Я хочу сосредоточиться. Проходит еще несколько секунд, прежде чем я подхожу к телефону. Я должен внимательно следить за словами, которые произношу в присутствии Ганса. Мне не следует забывать, что я отвечаю на звонок журналиста, откликнувшегося на мое предложение дать ему интервью.
Итак, снимаю трубку.
– Это Поль Дамьен. Я только что прибыл в Дьепп.
Низкий голос, суховато произносящий слова, кажется мне далеким.
Отвечаю безразличным тоном:
– Ну что, я жду вас. Когда вы сможете быть у меня?
– Минут через десять.
– До скорого свидания.
О, эта улыбка, которую я, подняв голову, вижу на лице Ганса Вамберга! Как судорога на тонких, словно лезвие бритвы, губах. Так улыбается само преступление. На физиономии, которую я едва узнаю, проступает выражение садистского сладострастия.
Остается осилить эти десять минут. Эти десять минут – для нас бесконечность. Не умру ли я прежде, чем они истекут? Не лучше ли мне умереть?
Ганс устроился на маленьком стульчике возле моего стола. Он сидит, выпрямившись, с полузакрытыми глазами. У него теперь лицо человека, собирающегося с мыслями, лицо тореро, готовящегося к выходу на арену. Он бледен, у него тот же невидящий взгляд.
Вдруг он поворачивается ко мне.
– Кто ему откроет, вы? – спрашивает он.
– Нет, вы.
– Он не поймет, не захочет войти.
– Почему? Он меня никогда не видел. Он примет вас за меня.
Я не говорю, – и это, пожалуй, единственный риск, на который я пошел в этом деле, – что Поль Дамьен мог видеть мою фотографию. Но не думаю. Для газет меня давно не снимали, а времена, когда Пюс носила мое фото в сумочке, относятся к самому началу нашего брака.
– А если он меня узнает? – снова спрашивает Ганс.
– Ну что ж, тогда никаких проблем. Но все же дам вам один совет: как бы он себя ни вел, не упоминайте об интервью. Переходите сразу в наступление, так, чтобы он не успел опомниться.
– Да, вы правы, – говорит Ганс. – Он наверняка очень хитер. Надо его опередить, захватить врасплох, чтоб он и охнуть не успел...
Признаться, я плохо представляю себе, какой будет предстоящая сцена. Я не могу в точности предвидеть все, что произойдет, как поведет себя Ганс и какова будет реакция Дамьена.
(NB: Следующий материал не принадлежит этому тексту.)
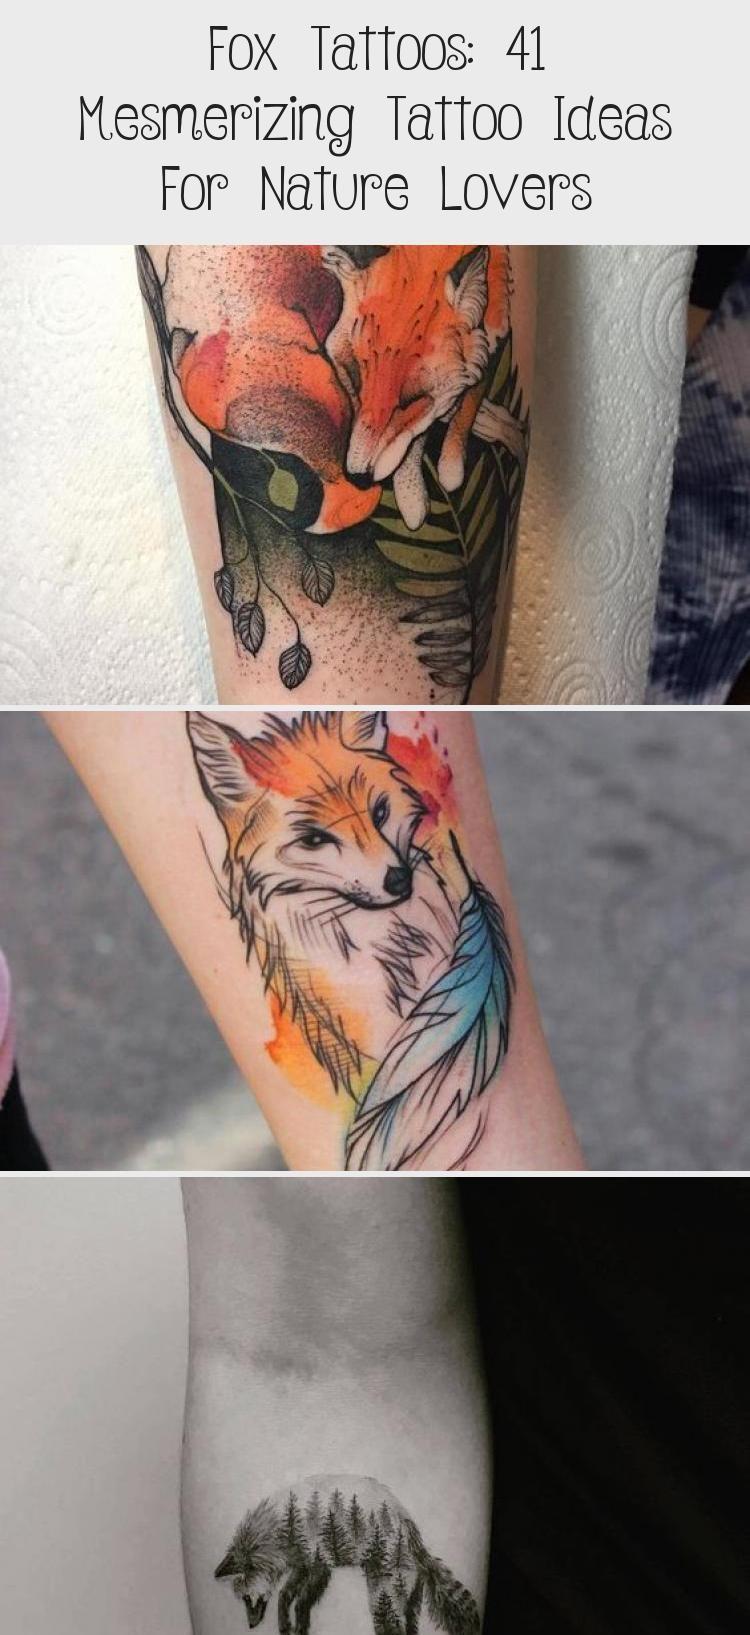 Little Sleeping Fox Tattoo On The Right Shoulder Blade Tattooideendatum Tattooideenoberschenkel Tattooideenb In 2020 Nature Lover Tattoo Fox Tattoo Small Fox Tattoo

Оставляю шанс как одному, так и другому. Я передал свою ненависть Гансу Вамбергу, я создал ситуацию. Пусть они теперь сами разбираются.
А я буду смотреть, не вмешиваясь, с трибуны в роли болельщика. Тут можно говорить об определенном благородстве, ведь я не знаю, чем все закончится. И эта неизвестность, несомненно, самое лучшее, что есть в моей выдумке. Если бы в своих мечтах о мести я стремился к надежному исходу, я не стал бы так мучиться; отправился бы просто к Полю Дамьену и застрелил его.
Ну да ладно. Пора мне отправляться на мой пост. Подхожу к Гансу, похлопываю по плечу и молча поднимаюсь по лестнице, которая сегодня мне вовсе не кажется декорацией из бульварного спектакля. Сегодня она скорее напоминает мне эшафот.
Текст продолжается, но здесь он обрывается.